Various works of
Beethoven's student Ferdinand Ries have surfaced on recordings early in the 21st century. All reveal a composer with an impressive grasp of
Beethoven's language, especially in terms of large-scale harmonic design and its coordination with local motivic detail. Just as surely, all lack what might be called the fierce urgency of now. The situation remains consistent with this album of chamber music, but the novelty here is the presence of the flute, an instrument
Beethoven and
Schubert both generally avoided. The most attractive of the three works on the album may be the Quintet in B minor, Op. 107, where the flute, especially in the opening movement, is stretched to the limit in being forced to deliver big, fortissimo Beethovenian themes. The work can make a reasonable claim to being something like the flute quintet
Beethoven would have written if he had written one. The opening Flute Quartet in C minor, Op. 145/1, apes
Beethoven in its solemn mood and C minor tonality but is enlivened by an "alla Espagnola" finale.
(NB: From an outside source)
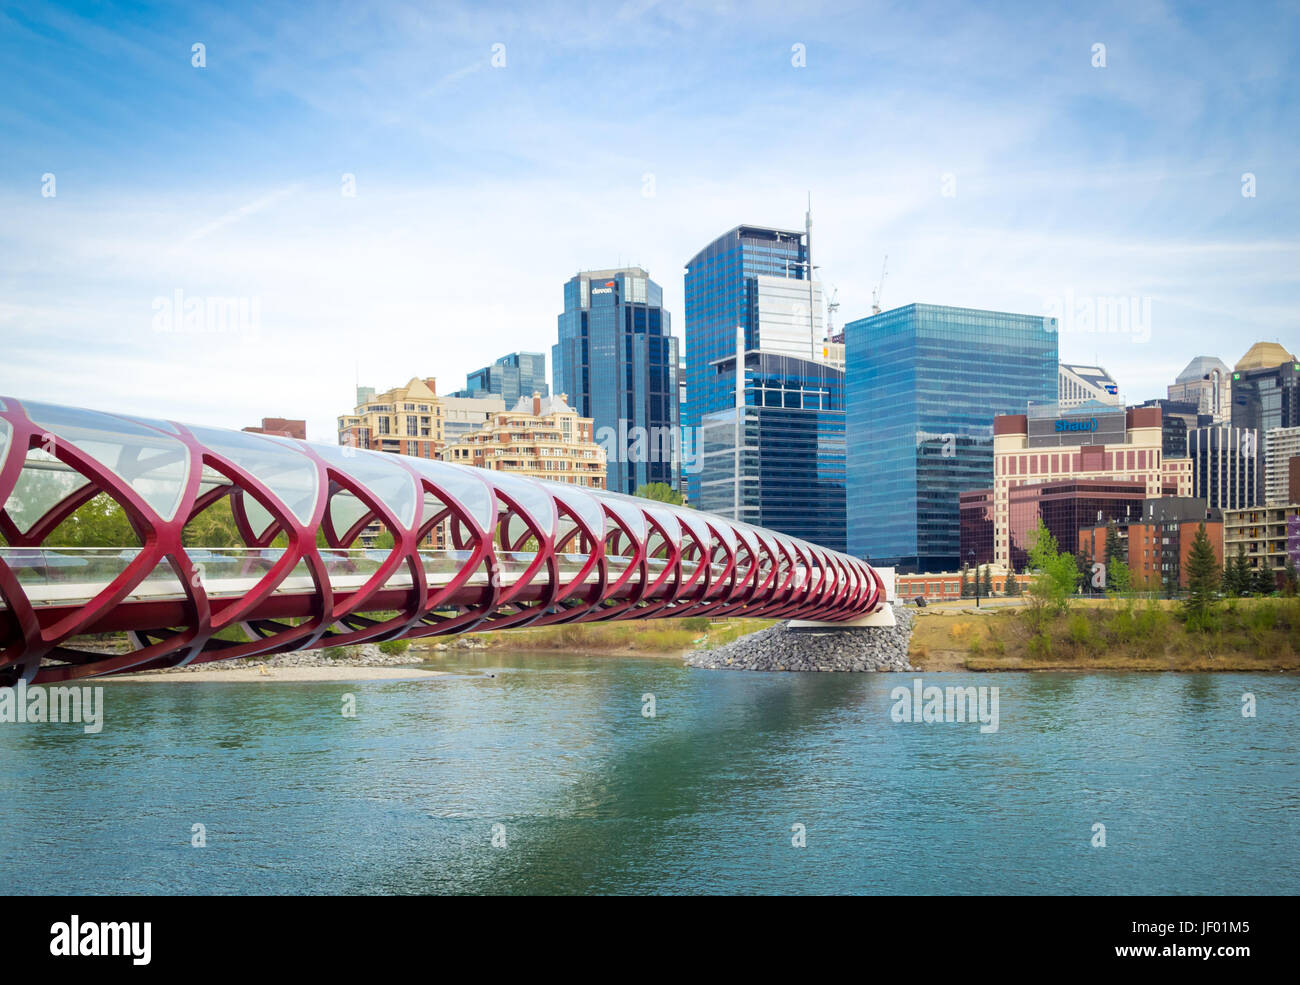 A view of the Peace Bridge (designed by Santiago Calatrava) and the skyline of Calgary, Alberta, Canada. Stock Photo

Still rarer than Ries is the Septet in E flat major by Johann Martin Friedrich Nisle, one of a family of Viennese musicians several of whose members have received attribution for the work. The septet, performed here with an added double bass, is neither really Mozartian nor Beethovenian; it is, like the Ries quintet, an athletic work (the bassoon part is notably challenging), and it seems to owe something to the wind band arrangements of operatic scores that have come down from the period. The Ensemble Schönbrunn and Dutch flutist
Marten Root handle the considerable technical difficulties well, and
Root's enthusiastic notes ("I freely admit it: I love Ferdinand Ries' music") are an added bonus. Those notes are given in English, French, and German.